**What the task requires:** In the listing beneath this line, copy exactly the lines starting with the one containing "Cassandra Clare: And" and going on through the one containing "Figure 2.10 Schematic".
** Listed entries follows **
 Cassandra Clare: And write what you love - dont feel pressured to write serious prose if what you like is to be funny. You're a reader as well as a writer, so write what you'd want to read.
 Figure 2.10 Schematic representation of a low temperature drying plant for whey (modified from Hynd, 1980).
** End of Listed entries **
** Listed entries follows **
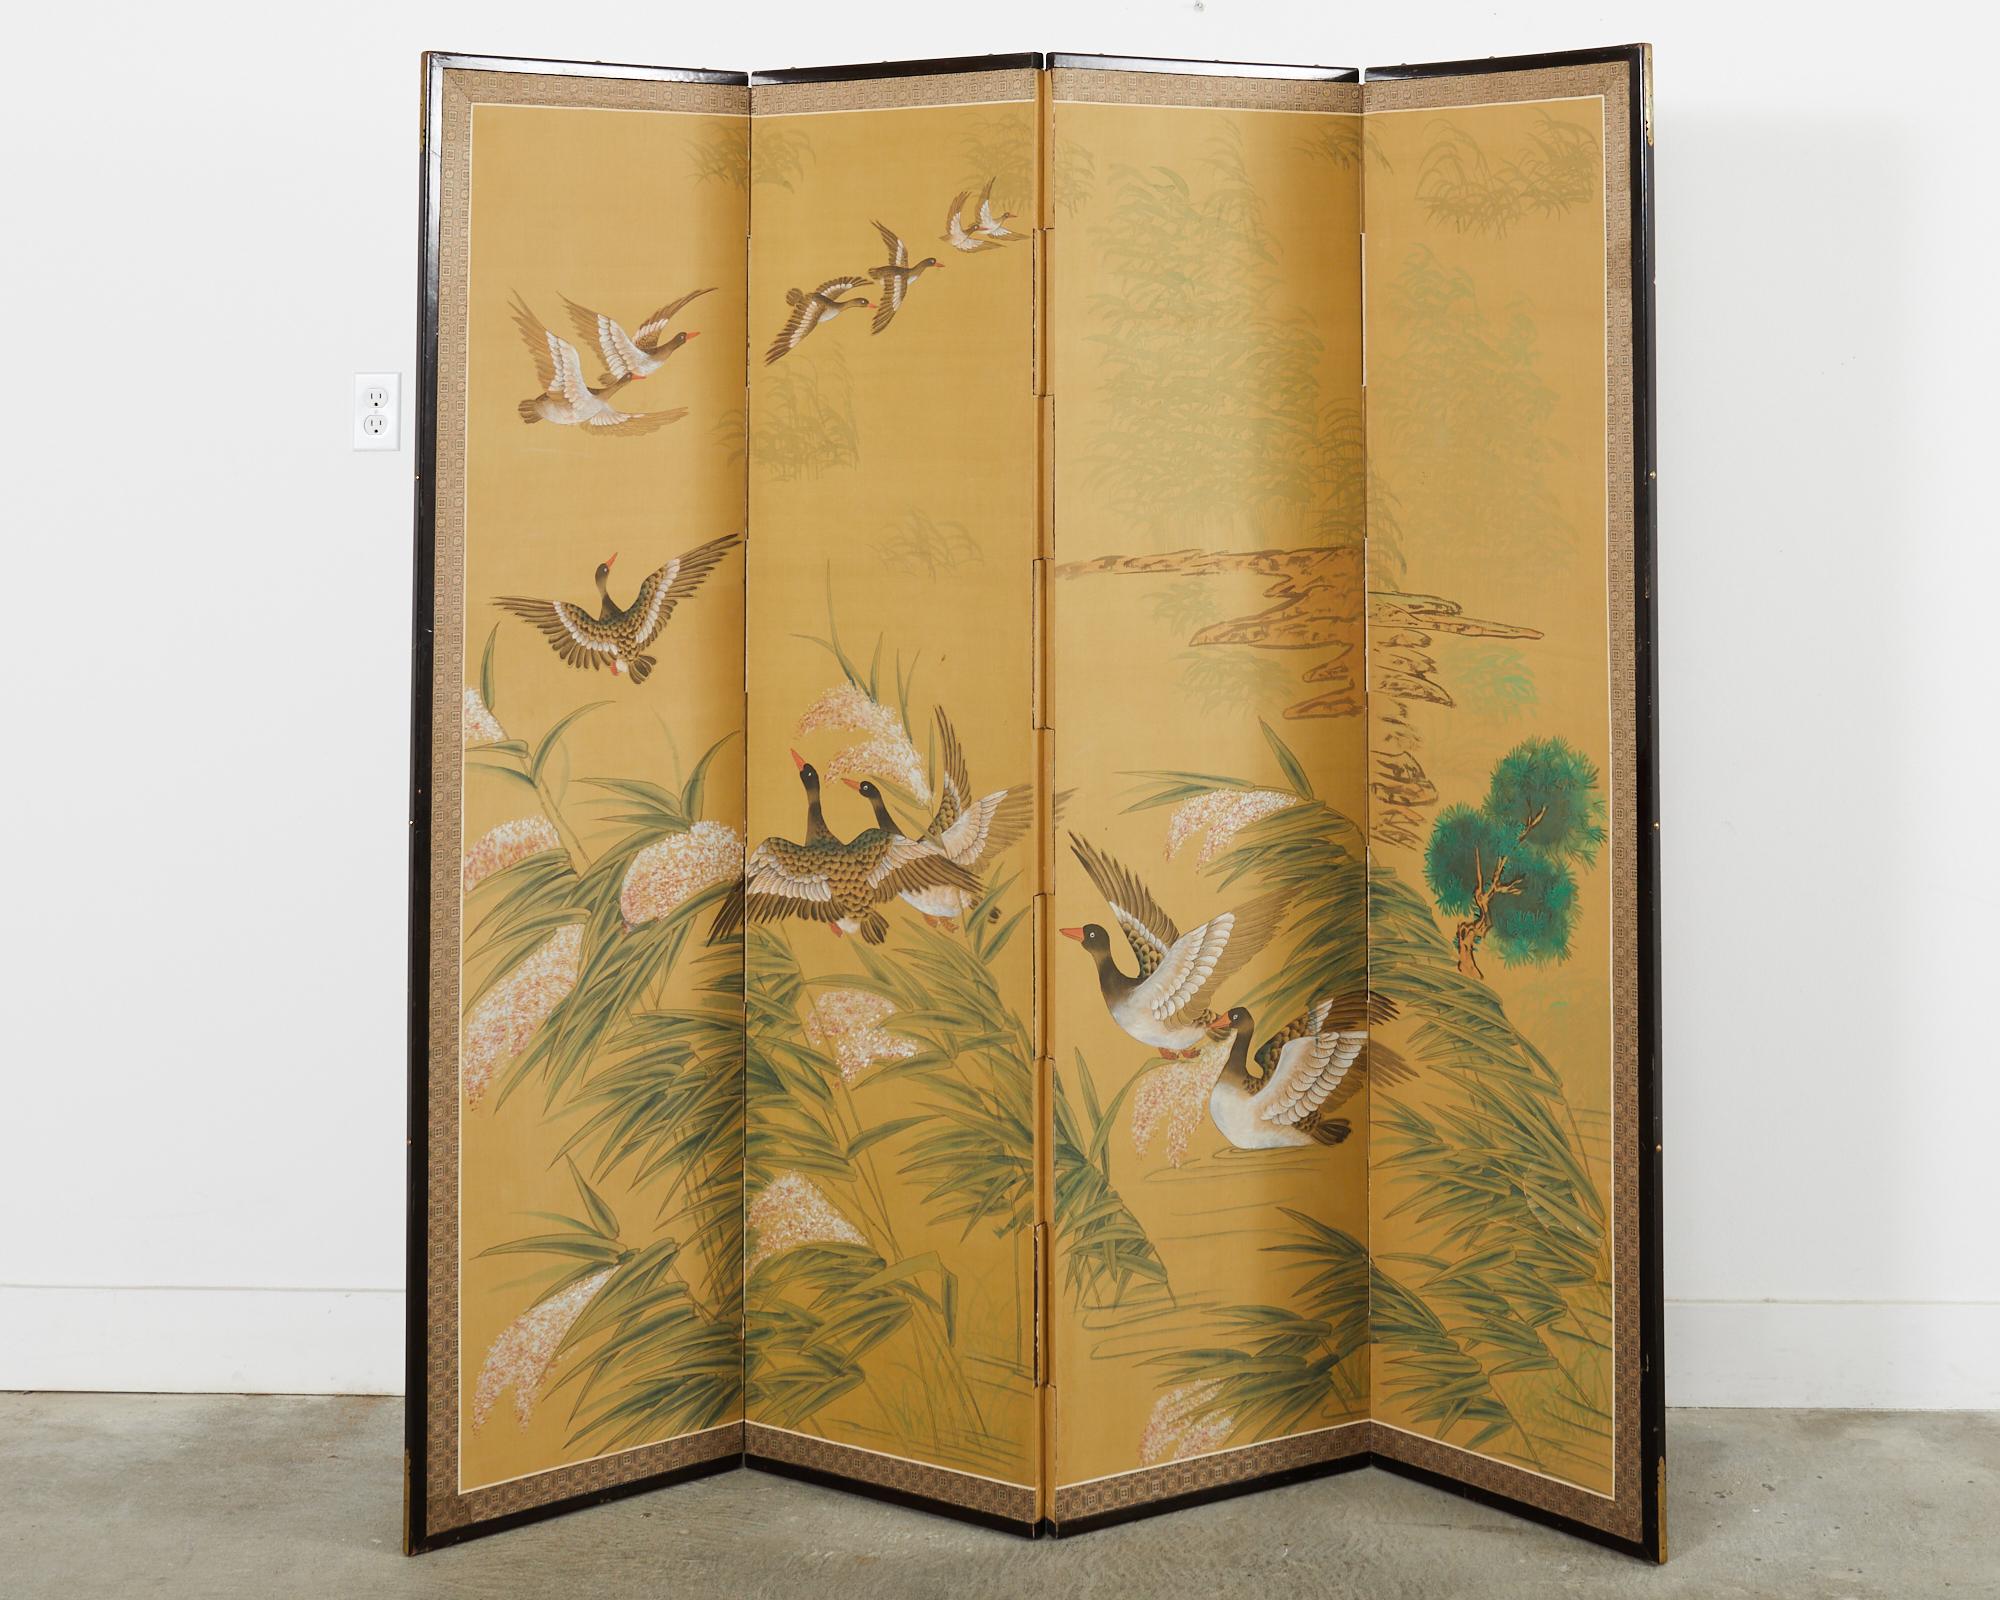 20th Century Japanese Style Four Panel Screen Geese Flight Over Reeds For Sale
** End of Listed entries **
** Listed entries follows **
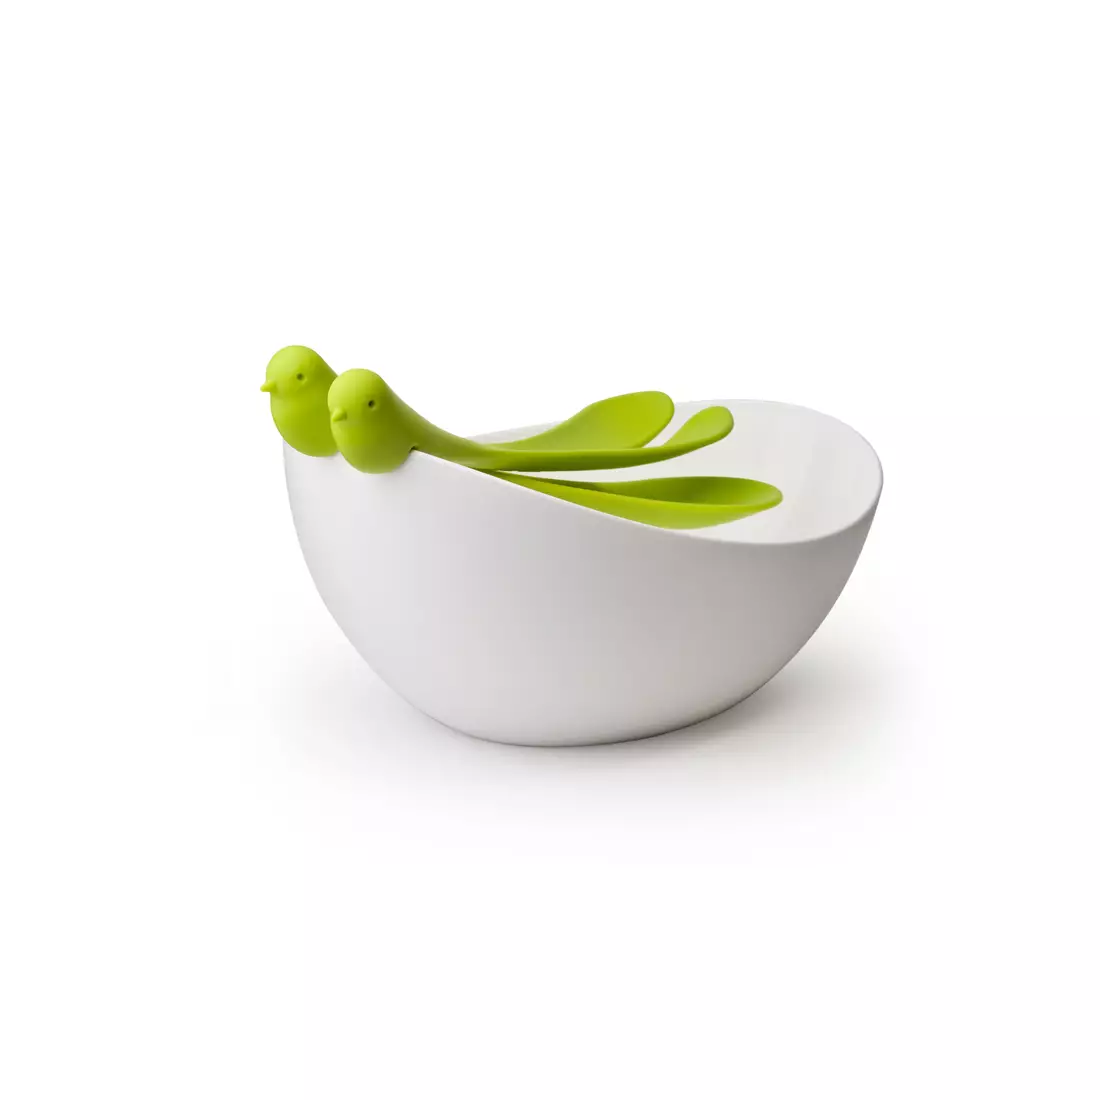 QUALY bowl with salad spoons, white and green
** End of Listed entries **
**Your response:**
 Cassandra Clare: And write what you love - dont feel pressured to write serious prose if what you like is to be funny. You're a reader as well as a writer, so write what you'd want to read.
 Figure 2.10 Schematic representation of a low temperature drying plant for whey (modified from Hynd, 1980).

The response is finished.